On the GBR, there is no evidence demonstrating the regulation of exploitation (through a no take policy) or the designation of nature reserves (i.e., green ‘no-take’ zones) has increased C. tritonis numbers. Stock enhancement, usually through the introduction of advanced juveniles reared in ex situ breeding programs, can restore populations, and improve the success of conservation outcomes. Yet, attempts to rear C. tritonis in captivity have, to date, proven unsuccessful with larval growth and settlement key bottlenecks in the process. Knowledge of their reproductive and early life stage (veliger) biology, particularly the optimal larval diet and the factors that govern settlement, is crucial to overcome these. With little data available regarding the juvenile life stage, discovering when they transition to an echinoderm diet is also imperative (i.e., immediately upon settlement and coinciding with settlement of CoTS, or longer?).
Coral cover on the GBR continues to decline under the pressure of recurring CoTS outbreaks despite significant intervention. To avoid the tipping point beyond which most or all hard corals may disappear, conservation biocontrol, based on the use of an indigenous enemy, represents a promising complementary and sustainable solution to protect coral reefs from CoTS over their full geographical range. With supporting field and laboratory-based evidence suggesting a proclivity for CoTS (i.e., consumptive effect), the C. tritonis remains a biocontrol agent of interest. There is also mounting experimental evidence that the chemistry naturally exuded by C. tritonis modifies CoTS behaviour [16] (i.e., non-consumptive effect), with the application of such chemistry being considered within the CoTS IPM strategy. However, with predation levels low at 1 CoTS per week, and with the diffusive spread and dilution of chemosensory cues in the aquatic environment reliant on hydrodynamic parameters [366,367], neither trait in isolation is likely to impact on CoTS populations. However, the combination of non-consumptive and consumptive effects induced by the presence of C. tritonis is likely to have greater success in a proximity deterrence effect on CoTS in situ. This deterrence could promote effective dispersal or prevent aggregations of CoTS at opportune times (i.e., spawning events), thereby indirectly suppressing CoTS populations, especially those under the outbreak threshold. Stock densities of C. tritonis needed in such scenarios to elicit the desired affect remain to be determined. These knowledge gaps should be addressed with some urgency.
Mapping of population distributions against those of CoTS, based on knowledge of their predator-prey dynamics, will also establish evidence of the link (or not) with CoTS outbreaks, and if proven so, will improve predictions of future outbreaks and provide another tool (i.e., predator management) for the long-term sustainable control of CoTS populations.

Author Contributions

M.R.H. obtained funding.

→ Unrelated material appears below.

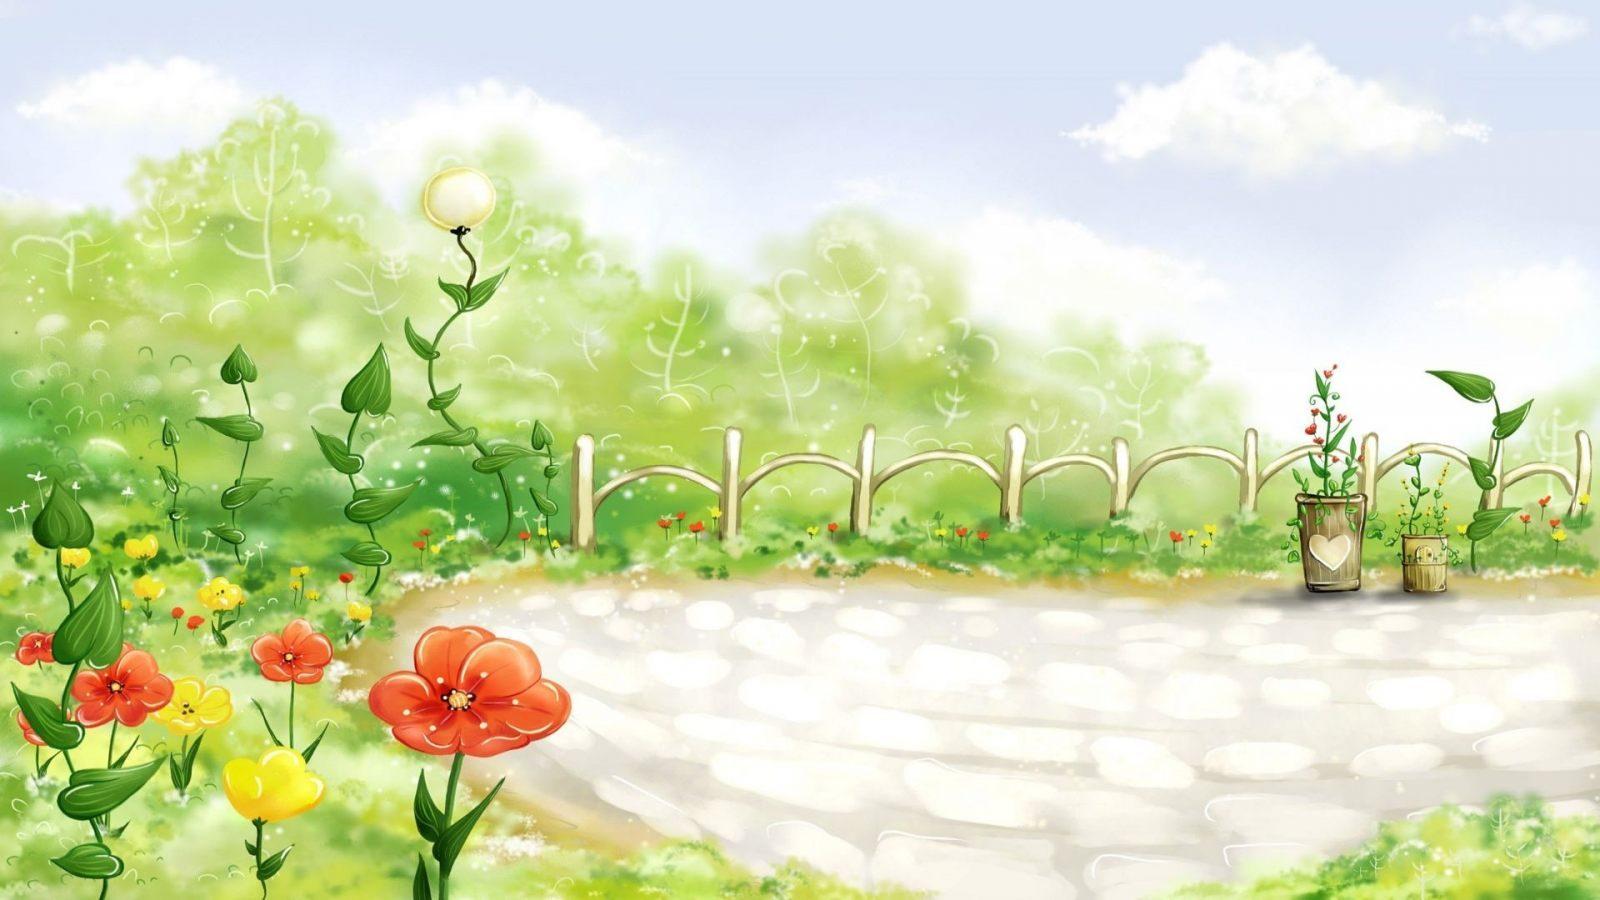 Desenhos Para Colorir De Aco Ires further Galerias Dibujos De Flores also Imagenes Dibujo Infantil De Un Caballo together with Imagenes Caballo Con Balancin as well Mis Dibujos De Naruto. on naruto imagenes para pintar
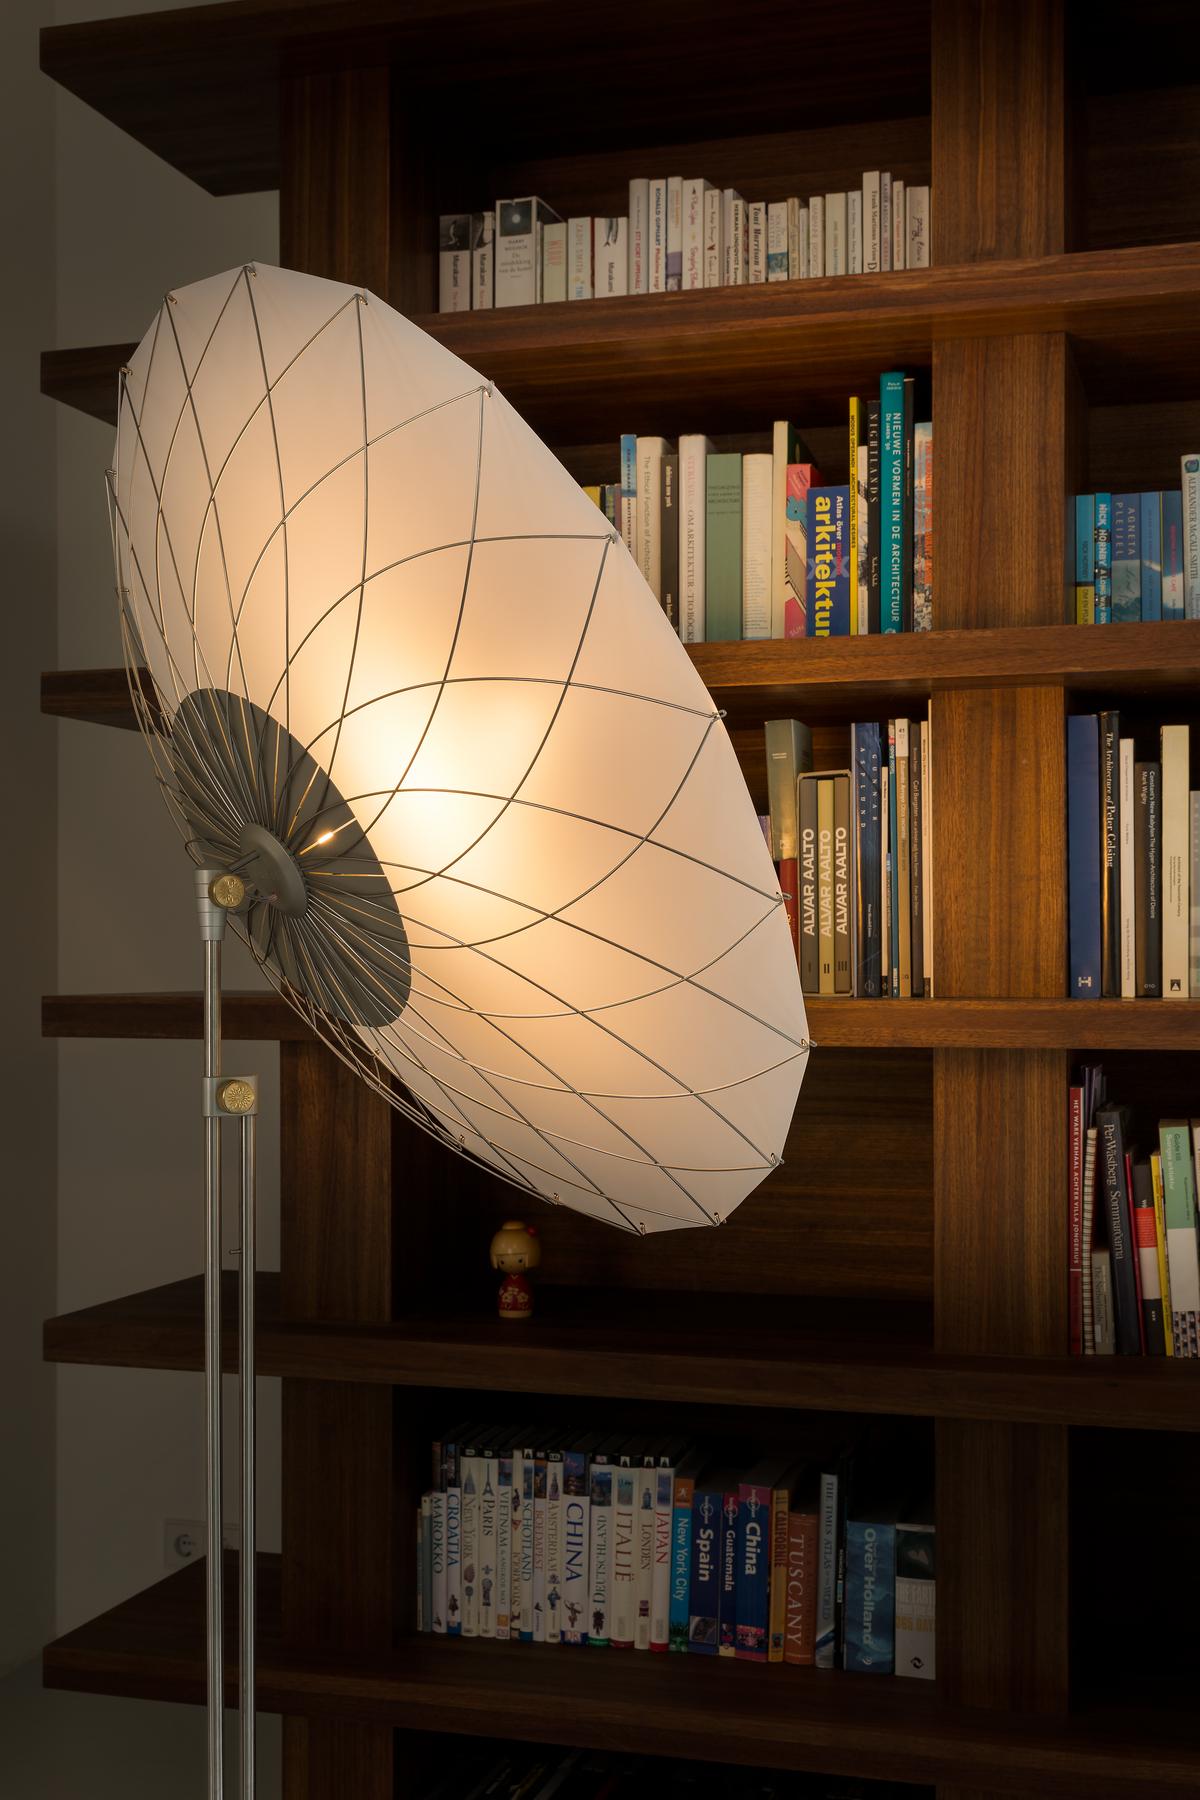 Filigree Floor Lamp in home interior

C.A.M. and M.R.H. conducted the literature review and wrote the original draft. C.A.M., M.R.H. and S.F.C. reviewed and edited further versions of the manuscript. All authors have read and agreed to the published version of the manuscript.

Funding

This project was funded by the Australian Government National Environmental Science Program Tropical Water Quality (NESP TWQ 2.1.1) Hub, and the Australian Federal Government Department of the Environment and Energy Reef 2050 Sustainability Plan Grant ID: 3600000775. The project was supported by the Australian Institute of Marine Science.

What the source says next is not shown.